TVHC Blog

Teton Valley Health Care's blog

Good Choice, Bad Choice: There’s no Escape

We can all remember our first car. Not the family station wagon. Not the hand-me-down from big brother that smelled like musky gym clothes. I’m talking about the first car that was entirely yours, even if it was used or “pre-owned” as car dealerships like to say.

"1984-1985 Honda Civic hatchback -- 01-07-2012" by IFCAR - Own work. Licensed under Public Domain via Wikimedia Commons - http://commons.wikimedia.org/wiki/File:1984-1985_Honda_Civic_hatchback_--_01-07-2012.jpg#/media/File:1984-1985_Honda_Civic_hatchback_--_01-07-2012.jpg

A mid-1980s Honda Civic via WikiCommons

I was 26 when I purchased my very own brand new car. It was a 1986 Honda Civic wagon and I loved it. No air conditioner, no frills, vinyl seats and 48 mpg. Those were the days. I would drive from Salt Lake to Jackson Hole and back on one tank of gas. I would drive to San Diego, stopping every 40 miles to douse myself at the rest-stop water fountains during those 102-degree desert stretches, then drive soaked from head to foot with the windows down. Now that was air conditioning.

Imagine my excitement when I bought a new Ford Escape Limited in 2004. It was the second time in my life I’d bought a brand new car rather than used pre-owned. I knew the saying that once you drive it off the showroom floor, the car’s value drops 99%. I didn’t care. I was in fact overly proud of the purchase. As the old saying goes, pride goeth before a fall.

Ann's Ford Escape

The Ford Escape AKA Mouse Mobile

The Escape was only two days old when I drove my two toddlers to the grocery store. Somehow, an entire jug of milk was spilled between the seats during a backseat conspiracy to search the grocery bags for cookies. I spent 2 hours scrubbing, spraying, rubbing and generally assaulting the area with cleansers. The smell of sour milk never left the vehicle. It was an omen.

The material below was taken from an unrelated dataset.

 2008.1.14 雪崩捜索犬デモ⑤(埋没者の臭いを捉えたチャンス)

One after another, horrible things happened in the Escape. A completely potty-trained child thoroughly wet his pants. Dogs threw up. A cat leaped onto my lap and peed while I was driving. Moldering carrots were found under the passenger seat. A slice of pizza worked its way into the spare tire well and grew fabulous green feathers.

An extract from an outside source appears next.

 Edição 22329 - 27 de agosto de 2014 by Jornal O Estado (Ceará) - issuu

Just before the Plague of Rodents commenced, I had what I thought was the capper to all of this evil. While driving my son’s friend home from a playdate, the cherub told me from the backseat that he needed to go number two. I asked him if I should pull over or if he could hold it until the upcoming gas station. He felt that he could wait. Two seconds later, he said “oh no” and then the fun began. My son caught a whiff and immediately vomited. Twice. I rolled down the windows. I opened the sunroof. I looked back to assess the damage and was struck by a force stronger than a tidal wave. We drove the rest of the way with our heads out the windows, tears streaming down our cheeks. I was triple charged for the car detailing.

Then came the Plague. It started with a few tiny droppings here and there on the car mats. I’d set a trap inside my car, catch a mouse and go on about my business. Then I noticed more droppings. I worked up to 4 traps placed at night and 4 mice in traps in the morning. I detailed. I vacuumed. I squirted VO5 hairspray. I tried sonic sound waves. I put bars of Irish Spring under the seats. The mice ate them.

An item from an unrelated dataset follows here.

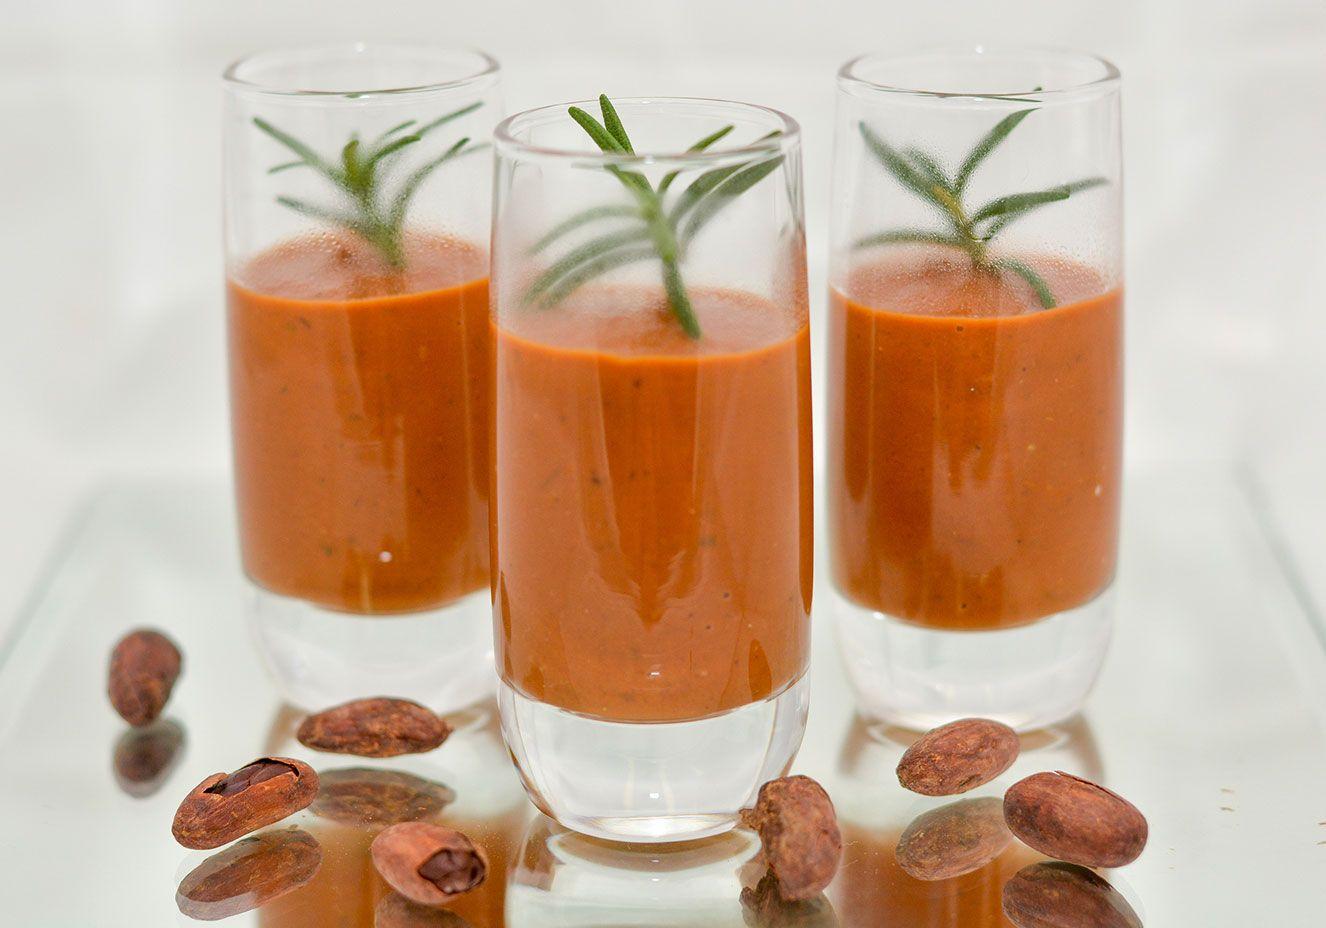 Creme de tomate antioxidante para uma jantar leve e gostoso

Finally, I removed all of the interior side panels, trying to find the rodent welcome mat. Caches of seeds, dog kibble and fluffy mouse nests poured from every possible crevice. Entire generations of field mice had wandered about, given birth, raised families and died in my car. I admitted defeat and felt grateful that no one in our family had been struck with Hantavirus.  Accursed vehicle. Stephen King could write a book about it.

The Mousemobile found a new home with a family that apparently does not have a battalion of mice seeking a motel on wheels. I gave full disclosure prior to handing over the keys. Buh bye.

Guess what I’m driving now? A used Honda Civic wagon. With air conditioning.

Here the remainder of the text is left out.